Using memory to establish a new emergency number
We’ve all been there – you’re at home and suddenly it goes dark. The power’s gone and we blindly scrabble around trying to find an electricity bill to call our supplier. This process was all about change with the introduction of a new emergency number from Energy Network Association (ENA). However, getting people to remember yet another number was going to be a challenge.
By applying the behavioural approaches of neurology and psychology and placing semantic and episodic memory at the core of our media strategy to raise awareness and drive long-term recall we were able raise awareness by 15%, putting it into the top 10% of new brand awareness campaigns.
The Energy Networks Association needed to launch and drive awareness of a brand new 3- digit number, 105, for people to contact their local electricity distribution company in case of a power cut or domestic emergency.
The campaign called for targeting all 18+ adults through a nation-wide approach, while always being sensitive to the specific regional requirements of each of the 20+ partners who form the ENA. In an already over-saturated market, the challenge lay in how we got people to actively memorise the number and associate it with a power cut.
To get people to actively memorise the number we applied the behavioural approaches of neurology and psychology. Research has shown that semantic (factual knowledge) and episodic (personal experiences) memory working together is the most effective way to migrate short term memories to long term recollections.
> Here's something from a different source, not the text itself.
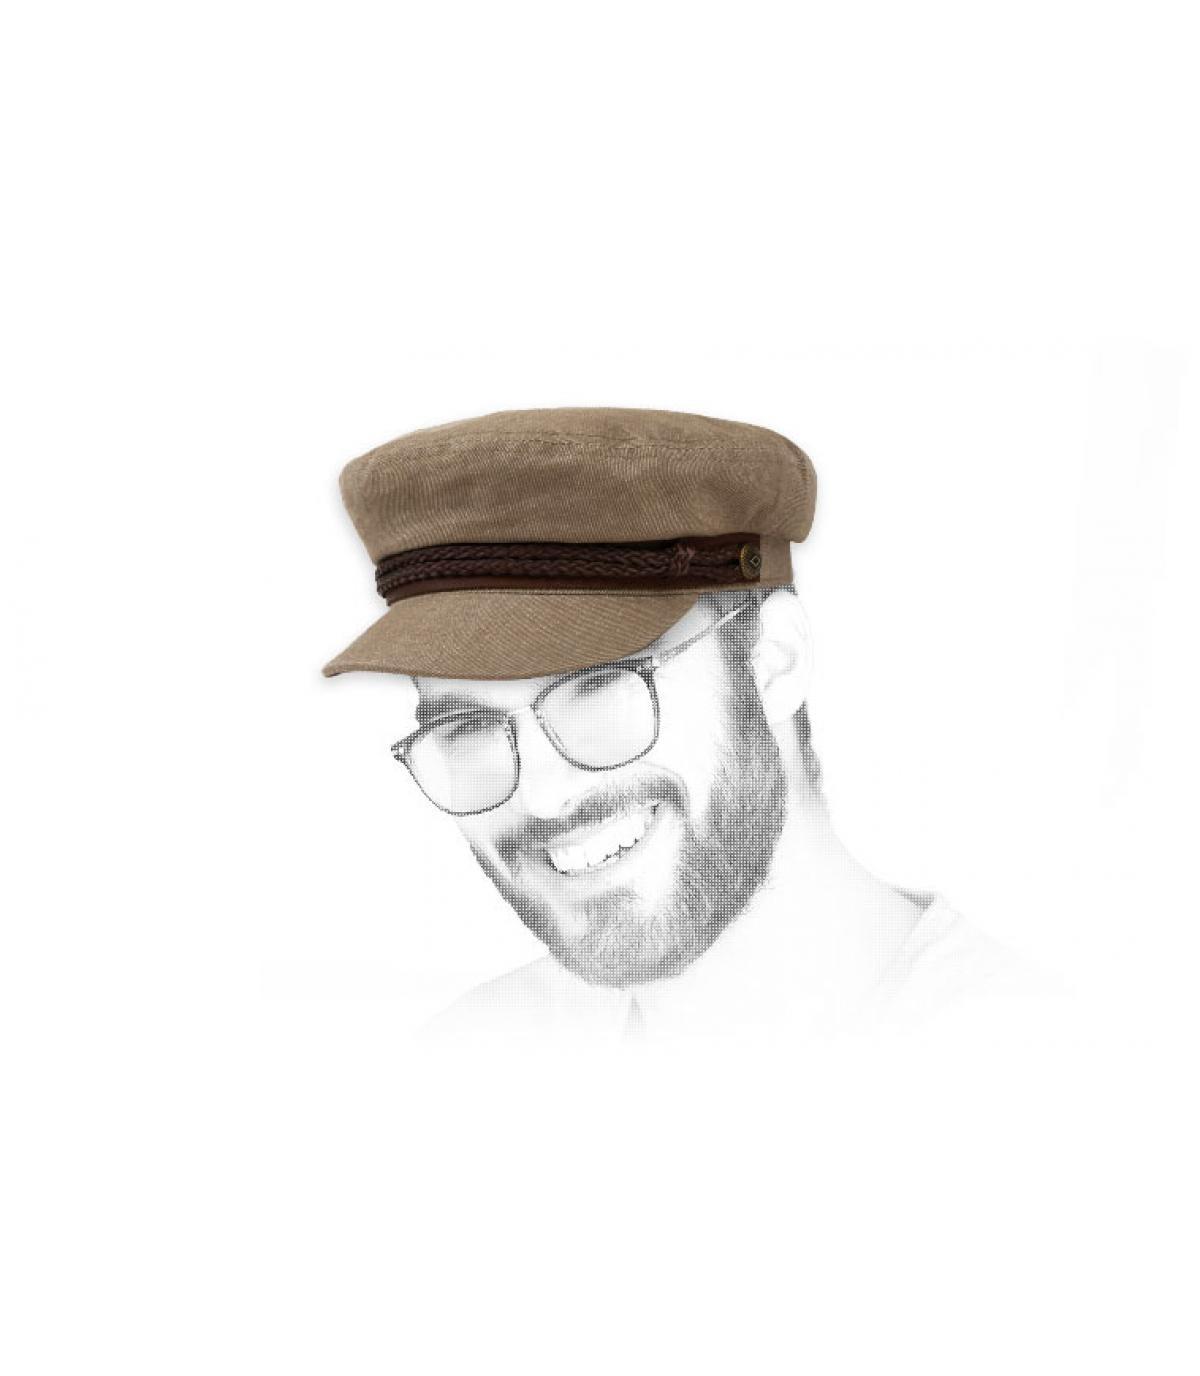 Brixton cappello di marinaio khaki

We used a combination of high frequency media (TV, OOH , online display and digital radio) to drive message penetration (the semantic memory), and to create the sense of experience (the episodic memory) we created engaging and interactive online ad formats, radio PR and contextual programmatic activity, including high-impact display ads in line with adverse weather forecasts.
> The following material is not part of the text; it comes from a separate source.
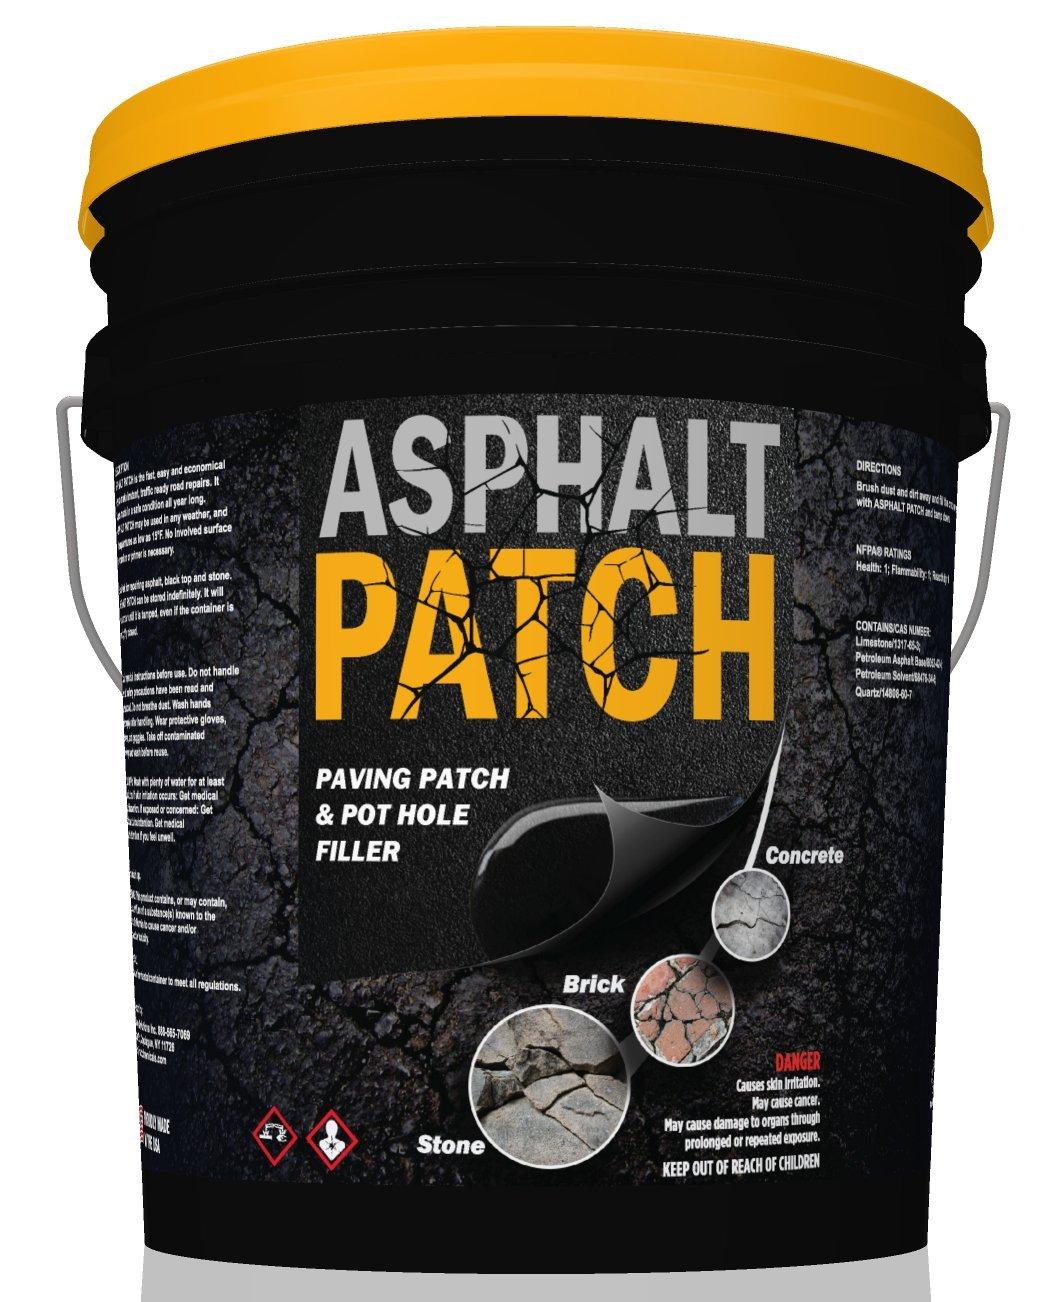 ASPHALT PATCH & POTHOLE FILLER 65 lb Pail | Pothole Repair Kit | Driveway Patch | Paving Patch - 5 Gallon Pail

The ads were trigged based on a number of core parameters to ensure efficiency and effectiveness: targeting areas that have windy or cloudy weather, areas affected by snow and a geo-targeted strategy targeting users in rural and coastline areas.
Net awareness rose to 15% among all UK adults from a pre-campaign base of zero (versus advertising effectiveness norms of 4% based on media spend). This result puts ENA’s launch into the top 10% of brand awareness campaigns for new product launches.
The real test for ENA’s new number came with the arrival of Storm Doris. A month later, the new number was receiving an average 4000 calls during peak periods. But with the event of Storm Doris this increased to a staggering 37,000 calls – clearly demonstrating the campaign’s effectiveness.